Just as the durva offered to Shri Ganapati is twenty-one in number, so also Naivedya of twenty-one modaks is offered to Him.
6. Naivedya of kheer
On the day after Shri Ganesh Chaturthi, that is, on Rushipanchami, the mouse, which is the vehicle of Shri Ganapati, is offered Naivedya of kheer (A sweet delicacy prepared from milk and rice).
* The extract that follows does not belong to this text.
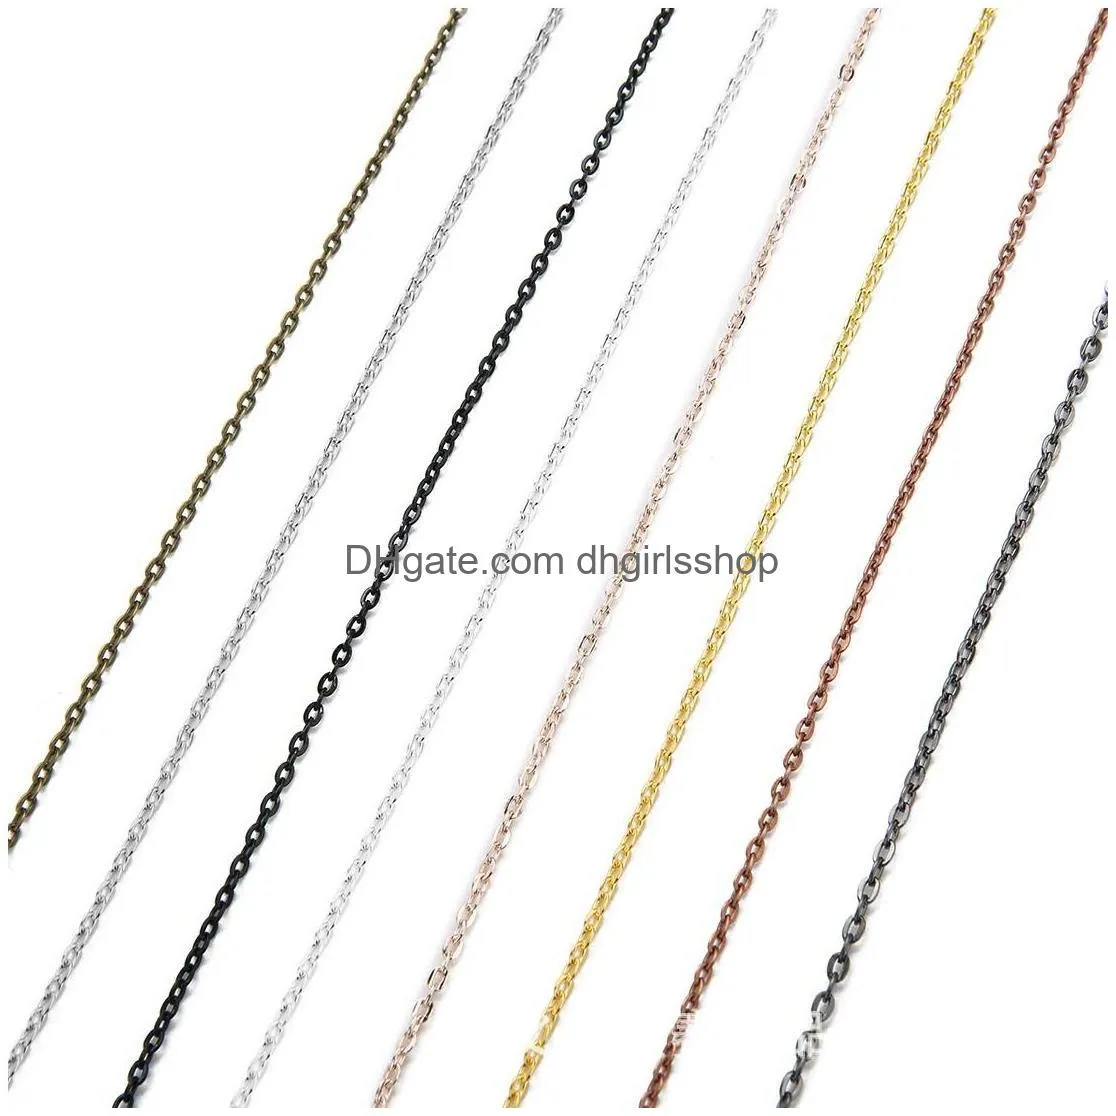 Chains 10Yards 2Xm Rolo Link Chains Sier Rose Gold Bronze Black Metal O Chain Rolls For Necklaces Earrings Bracelets Diy Jewelry Makin Dhpg8

7. Reason for not offering tulsi (Basil) leaves to Shri Ganapati
Reason according to Puranas
There was a celestial singer, who was very beautiful. She wished to have a good husband. She performed various Holy acts like chanting, performing vrats (Vowed religious observances), going on pilgrimages etc, in order to fulfill her wish. One day, she saw Shri Ganapati engrossed in meditation. She instantly fell in love with Him. To awaken Him from meditation, she called Him, “O Ekadanta, O Lambodar, O Vakratunḍa !”. Due to the interruption, Shri Ganapati opened His eyes. Seeing the celestial singer in front of Him, He said, “O Mother, why are you interrupting my meditation ?” To this she replied, “I like you very much. I want to marry you”. Shri Ganapati replied, “I will never marry and get entrapped in the noose of attachment”. To this, the singer said, “I curse you that you will marry for sure”. Shri Ganapati cast a counter curse, “You will become a tree on earth”. The singer regretted her behaviour and sought forgiveness. Shri Ganapati said, “O Mother, Shrikrushna will marry you and you will be happy”. The celestial singer took birth as a tulsi plant on earth. Shri Ganapati never patronised the tulsi plant; hence, the tulsi leaves are never offered to Him.
Shri Ganapati is a Deity mainly worshipped with expectations; whereas, the tulsi plant represents detachment; hence, offering of tulsi leaves to Ganapati is prohibited.